Why I’m Marching: If we stand still, we’ll be pushed back

Sam Boland is a member of Rebels For Choice

Sam Boland and his daughter, Ivy, standing with their backs to the camera, both wearing Together for Yes hi-vis vests.
Ivy, Sam, and their puppy Truffles, handing out Together for Yes leaflets on St Patrick St, Cork, in May 2018

Like most of us, for me, ‘Why I March?’ is in fact two questions – who I march for, and why.

In 2018, I repealed for lots of people, but if I had to narrow it down to one person, it was for my daughter, Ivy, who was nine at the time. Primarily, I repealed so her reproductive future would be in her own hands, not the Church’s, not the State’s, but also I wanted her to learn from real life, not a Disney movie, that if you’re brave and stand up for what’s right, you’ll make other people brave and they’ll stand with you. After all, that’s the story of abortion rights in Ireland going back generations. 

So Ivy and I repealed together. We went on marches together, we handed out leaflets together, we made badges and banners together. And on May 26, we celebrated together. Ivy was part of that story, of brave women (and a handful of men) who triumphed over seemingly insurmountable odds by standing up and being brave.

Ivy’s 13 now, and the world is a very different place. Ivy’s different too – new friends, new interests, new things to do on a Saturday afternoon (she’s marching because her dad is dragging her!), but the lessons of 2018 have stuck fast. And now she’s older, sadly it’s time for a harder lesson – that no matter how convincingly you win, you have to defend what you’ve won. The forces we overcame in 2018 won’t slink away with their tails between their legs. It’s not fair, cries the nine-year-old in all of us. But through long, hard experience, we know it’s true. Which brings us to why I march.

We don’t have to look as far as Texas or Alabama, and how they nullified Roe vs Wade, to see it. On May 26, 2018, while Ivy and I and everyone else celebrated, Ireland’s anti-abortion fundamentalists began planning how to erode reproductive rights here. Their first victory came seven months after Repeal, with the restrictive Health (Regulation of Termination of Pregnancy) Act 2018. While we were recovering from the fight of our lives, anti-abortion lobbyists pounced. The result? The three-day waiting period; impossible standards for terminations in the case of fatal fetal anomaly; no safe access zones; no free contraception; no secular sex education; no decriminalisation; no trans-inclusive language. What we have are inaccessible rights, and they’re no rights at all.

And that is the new tactic of anti-abortion fundamentalists everywhere, from Alabama to Athy, from Texas to Tyrone: forget winning the argument, just poison the well. Make abortion so difficult to access that it doesn’t matter whether it’s legal or not.

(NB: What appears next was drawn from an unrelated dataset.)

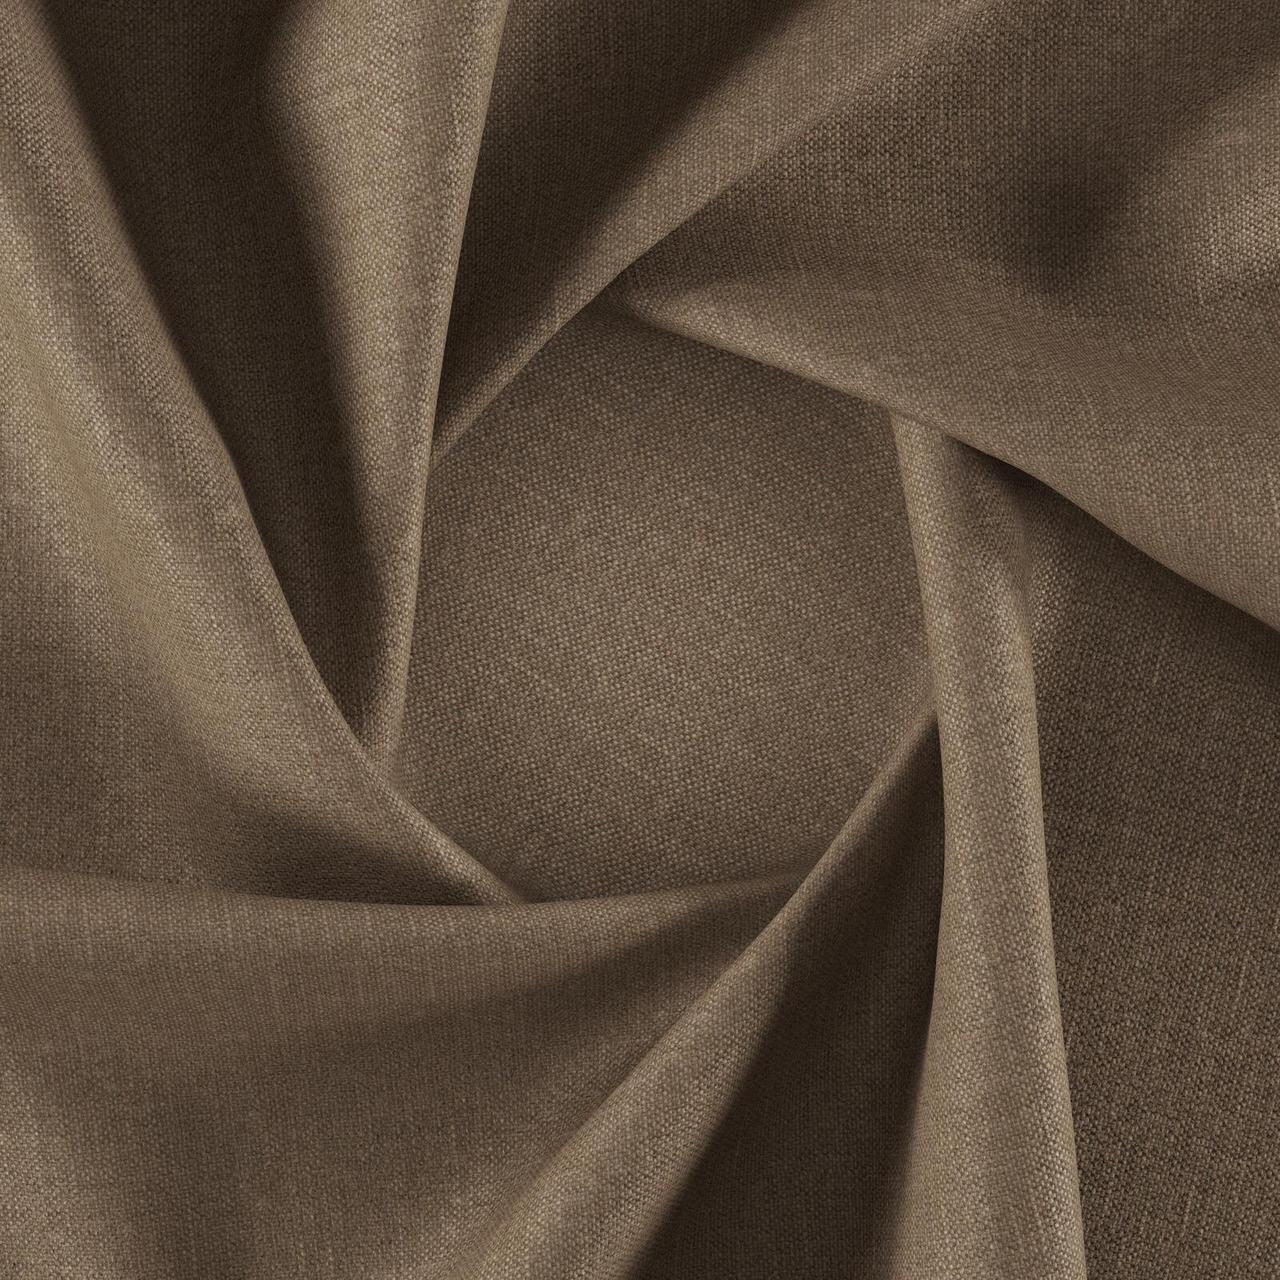 Тканина для перетяжки м'яких меблів шеніл Перфекто (Perfecto) бежево-коричневого кольору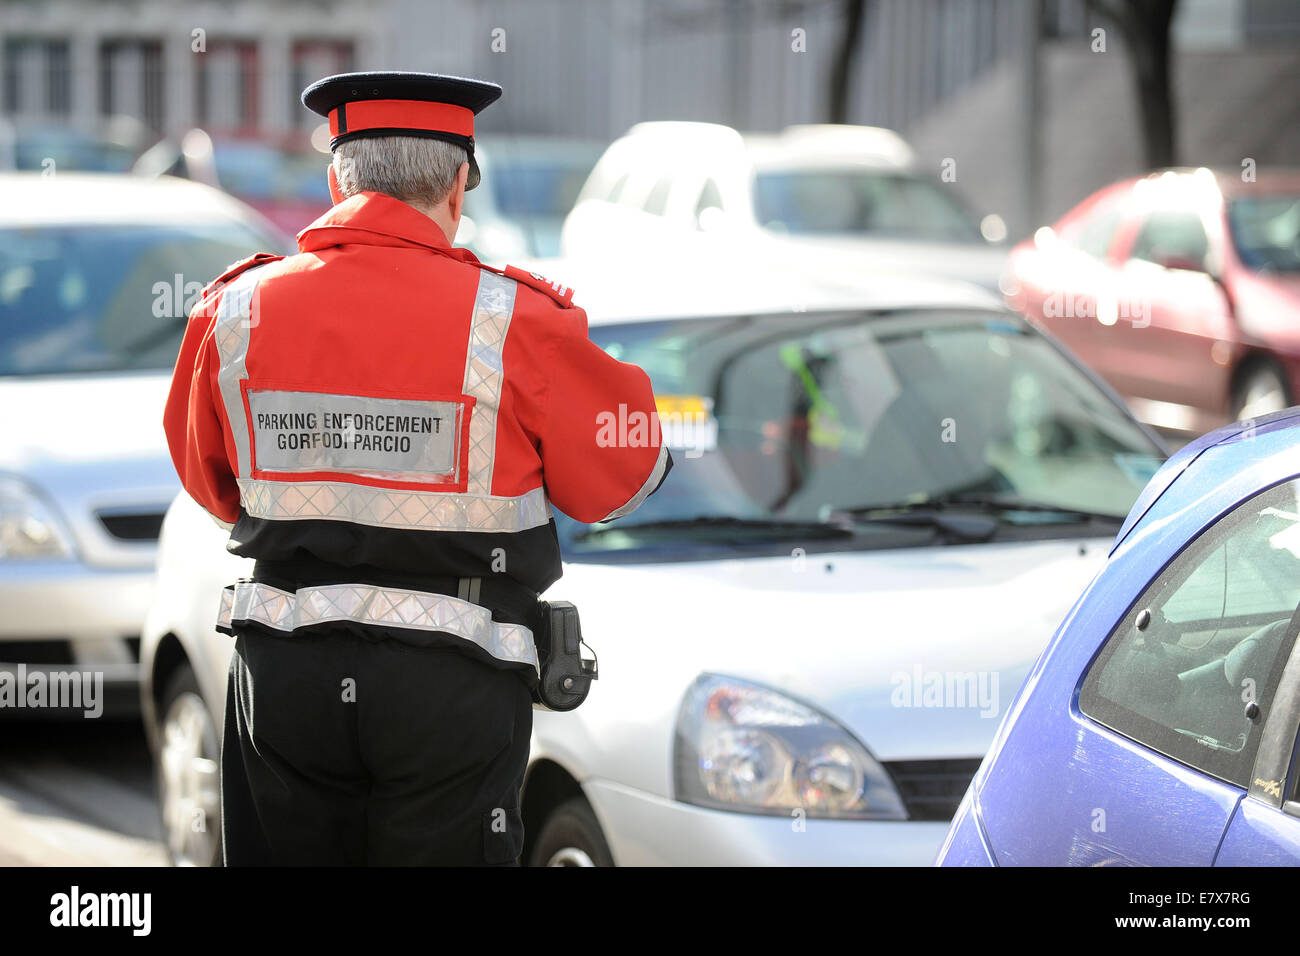 Un gardien de la circulation (agent d'exécution civile) en patrouille l'émission des contraventions de stationnement de voitures stationnées illégalement à Cardiff au Pays de Galles. Banque D'Images

Hence the intimidation and harassment outside abortion providers in Ireland. Hence only 10% of our GPs and half of our maternity hospitals providing abortion services. And you can be certain they’re pushing for further restrictions in the upcoming review of the legislation.

This is why I march. Not just to extend our limited abortion laws, but to make sure what we have isn’t taken from us. I don’t want Ivy to have to fight this fight all over again. If we stand still, we’ll be pushed back. So we have to keep marching forward. So what if our numbers are smaller than they were in 2018? The key is to keep marching. Did the first March for Choice have those numbers? No, and that march eventually led to Repeal. The key is to keep marching! Stand up, be brave, march!